Making paper people

Bits of paper take new meaning in Artist V.V. Ramani’s works

March 30, 2016 03:23 pm | Updated April 29, 2016 07:07 pm IST - Chennai

Artist Ramani with his art work  Photo: B. Jothi Ramalingam

Artist Ramani with his art work Photo: B. Jothi Ramalingam

Artist V.V. Ramani tears a small piece off an old calendar and places it on a collage that he is working on. Grabbing the loose paper bits that threaten to fly off, he requests us to switch off the fan. The work studio is hardly ventilated, but Ramani doesn’t mind.

“My work setting is chaotic; there are always a hundred magazines, glue bottles and chunks of paper strewn around. And I’m usually dripping wet by the time I finish,” says the award-winning artist, who is currently exhibiting his works done over the past four decades, on the occasion of his 60th year.

Most of them are abstract representations of the works of great masters: Leonardo Da Vinci’s ‘Mona Lisa’, Edvard Munch’s ‘The Scream’, Paul Gauguin’s ‘Where Do We Come From? What Are We? Where Are We Going?’ and more. “My first work was a reproduction of a Rembrandt. portrait, a photo of which my cousin had sent from the US. I remember trying to translate the exact image using pieces of paper,” recalls Ramani. Over the years, Ramani’s focus shifted from merely copying the works to representing it in a fresh way without losing the “soul” of the painting.
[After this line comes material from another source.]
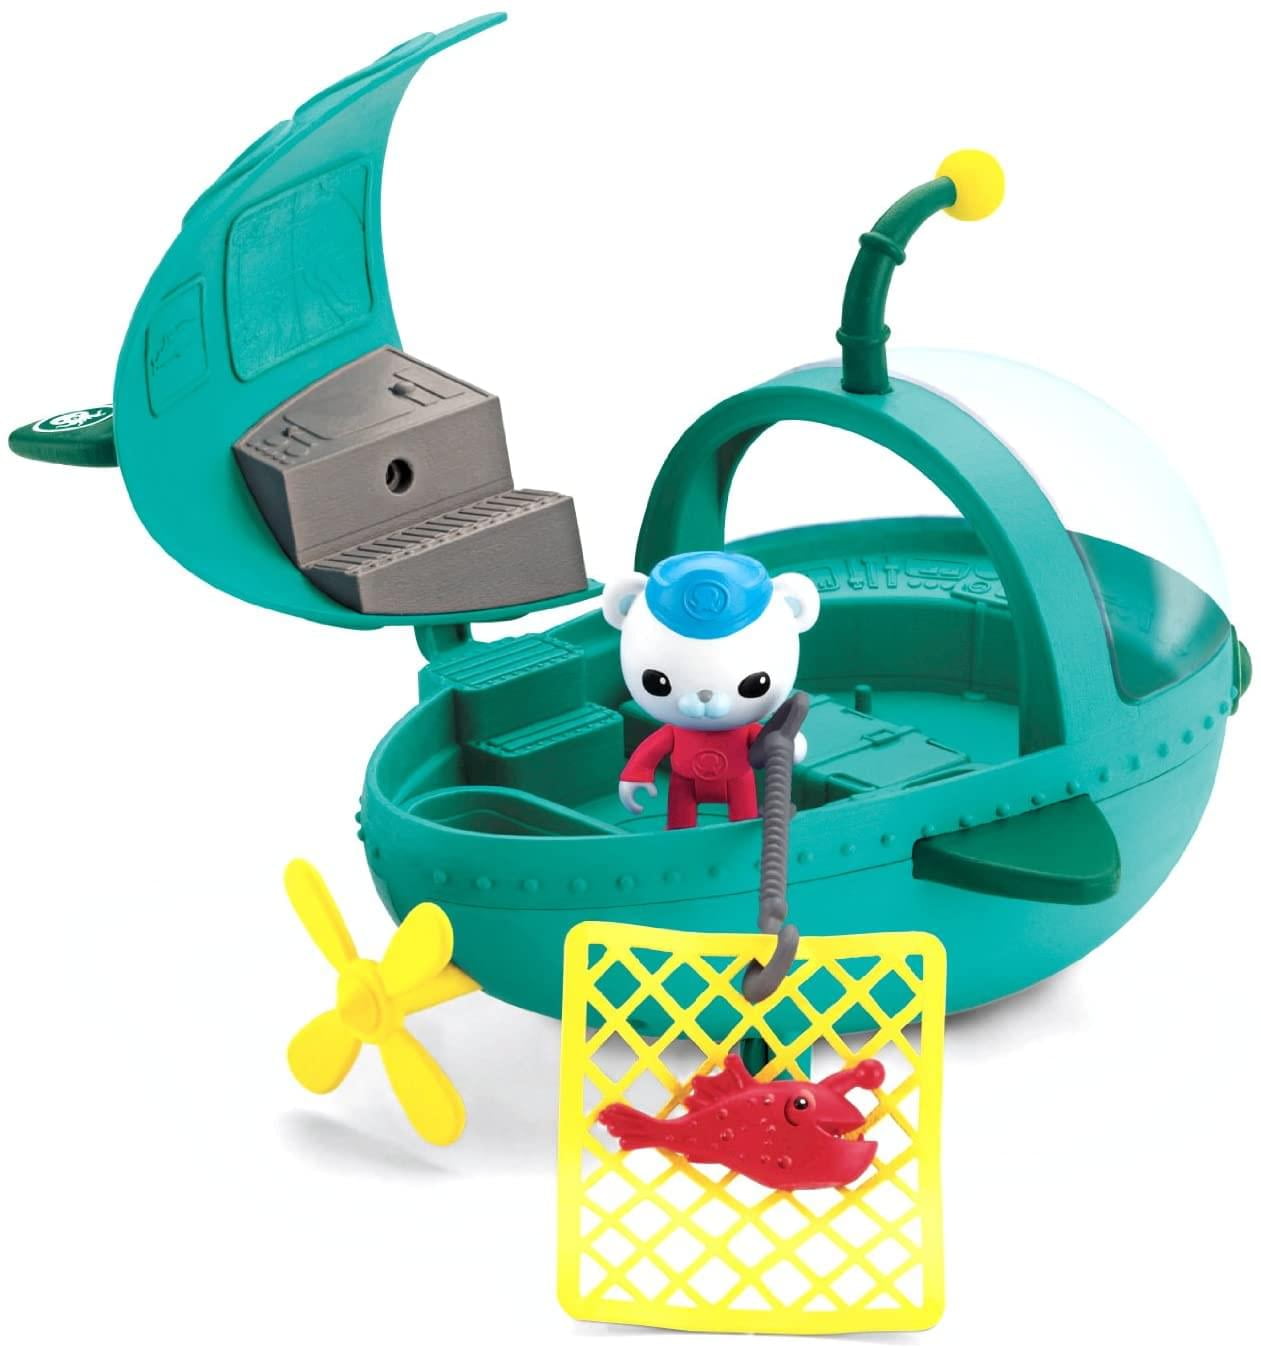 Inkling & The Seahorse Creature Pack & 3 Glow in the dark Articulated Figures GUP Speeder Q Includes GUP M & Kwazi Playset Fisher Price The Octonauts 6 Piece Gift Set

“For example, in ‘Mona Lisa’, I haven’t attempted to capture the exact image by Da Vinci. It’s not the pretty Mona Lisa, and there is no background as such. I have focussed on the smile that the painting is famous for, and given it the feel of the original,” he says. “I can paint a Mona Lisa with a lot of detail, but what is the point? Now, with all the technology of prints and photographs, there is no challenge in reproducing a masterpiece,” he adds.

Artist Ramani's work. Photo: B. Jothi Ramalingam

For Ramani, the idea for a collage begins with one random picture. For example, in a work titled ‘Reddappa’s Ganesha’ (inspired by a work of artist Reddappa Naidu), it was a picture of a light bulb. “That formed the head of the Ganesha, and from there I built the image, and included a paint brush to depict Muruga’s vel and a water jug to depict a modak ,” he says. “Unlike painting, wherein you are free to blend the colours the way you want, and create your own shapes, in a collage, you have to translate a predefined image into another in such a way that it all makes sense,” says Ramani, who is an alumni of the Government College of Fine Arts.

Ramani got a taste of this challenge in the second year of college, when he forgot to bring his bottle of colours for the day’s class. “My professor {Alphonso Aruldoss} asked me to fetch an old magazine, tore its pages, and asked me to make art out of it. I found it interesting; it was like nothing I had done before,” he says. Later, it kept coming back to him, even as he shifted fields from textile, product and interior designing, to taking up wedding decorations and setting up stages for dance and music concerts in the city sabhas.

He has also done quirky art pieces with media such as corks and a car’s broken rear-view mirror. What next? “I recently painted Van Gogh’s ‘Starry Night over the Rhone’ and Paul Klee’s artwork on silk sarees. I will experiment more with textiles,” he says. The Last Supper, maybe?

The exhibition Impression to Expression: Interface with Paper, is on at 1, Third Street, Nehru Nagar, Adyar, (Near Sri Aishwarya Saris) till April 2.